St George’s Gardens, Camden, London
Visited August 2014
Now a landscaped garden,
St George’s Gardens near Kings Cross started life as the burial ground for two
central London churches. St George’s Bloomsbury is a Hawksmoor church just off
New Oxford Street (Hawksmoor also designed the layout of the burial ground),
and St George the Martyr stands on Queen Square. The burial ground was one of
the first church burial grounds which was not established next to the church it
served. The two churches used separate areas of the cemetery, and a row of
marker stones can still be seen dividing the two.
The first burial took
place in 1715, and the memorial is still extant. Robert Nelson was a
commissioner for building the Fifty New Churches as well as a philanthropist
and lay churchman. This encouraged others to use the burial ground, despite its
remoteness from the churches, and it was finally closed in 1855. It reopened in
1890 as a public garden, and has been one ever since.
The cemetery has some
gruesome episodes in its history.
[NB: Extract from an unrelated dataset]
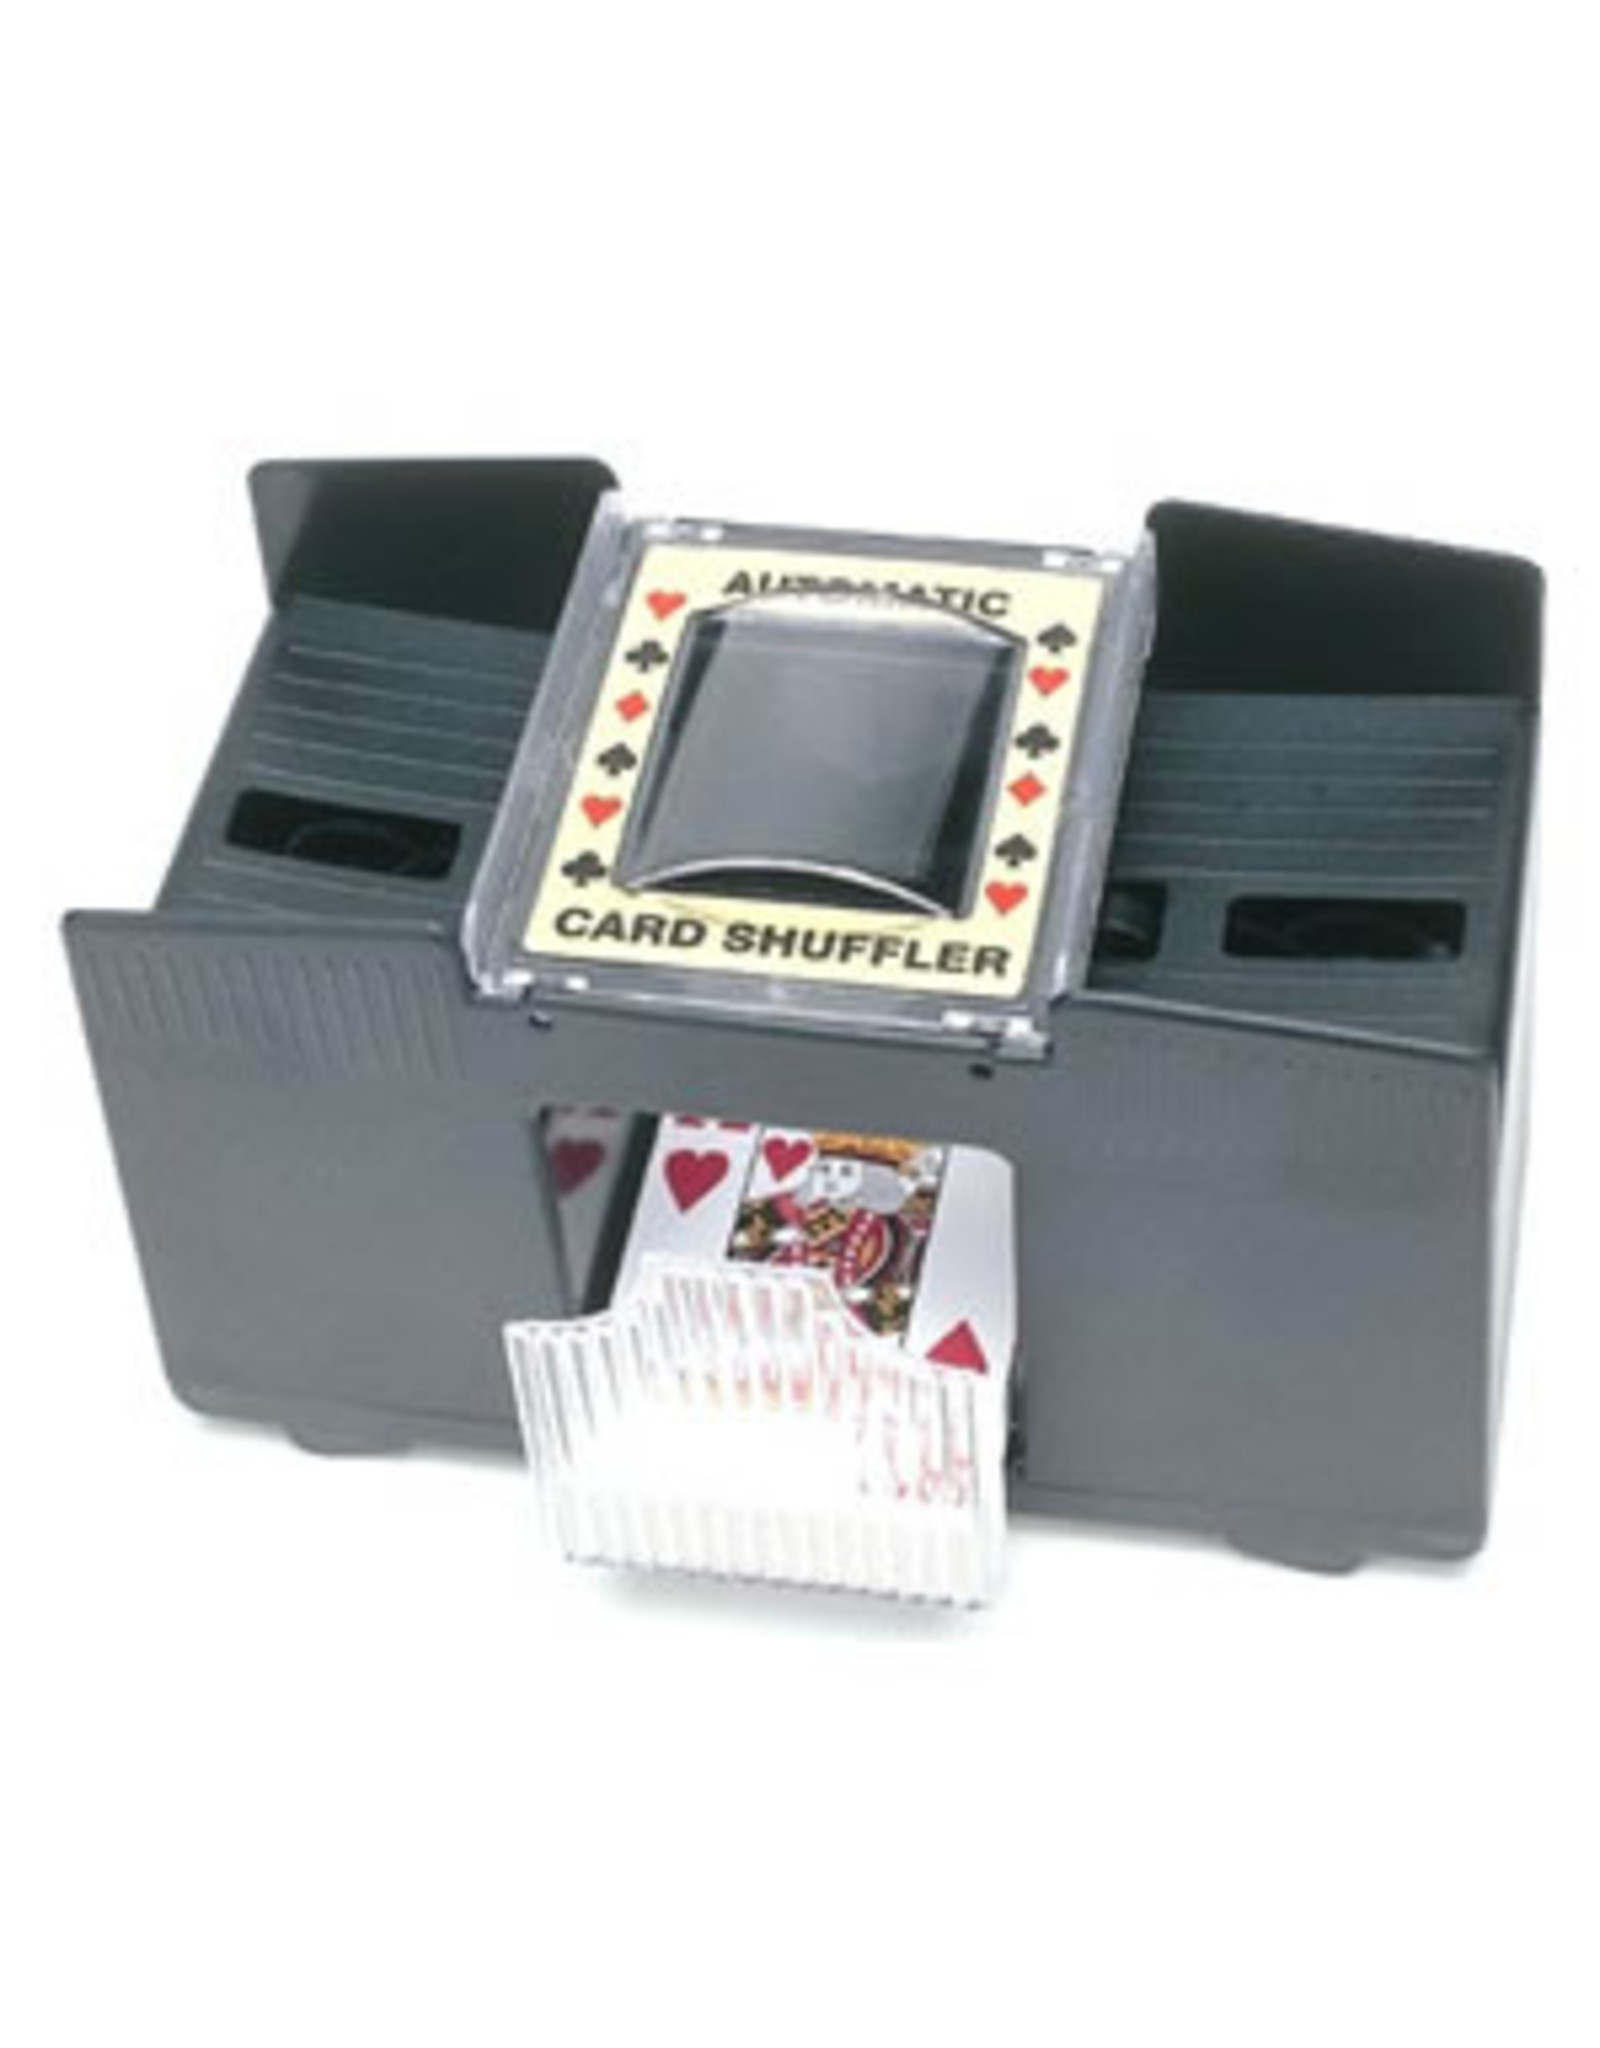 Wood Expressions 4-deck Automatic Card Shuffler (Battery Operated)

It was here that the recorded case of grave
robbing which ended in an indictment took place, in 1777 when the gravedigger
and his assistant were jailed for the theft of the body of Mrs Jane Sainsbury
from her grave. The cemetery is also the final resting place for Jacobites who
were hung drawn and quartered on Kennington Common in 1746, after the defeat at
Culloden. A plaque, which I must go back and photograph, reads
“In
memory of the officers and gentlemen of the army of Prince Charles Edward
Stuart who were executed on Kennington Common in July, August and November
1746. Nine of the Manchester Regiment and seven Scots are buried here. Francis
Towneley. Colonel of the Manchester Regiment lies buried in the churchyard of
Old St Pancras Church. Tandem Triumphans. The 1745 Association.”
Unlike a number of gardens
which have been cleared of their burials, often with just a few stones propped
up around boundary walls, St George’s Gardens embrace their past usage with
quite a number of tombs still in situ. One of the most important is that of
Anna Gibson, the grand-daughter of Oliver Cromwell.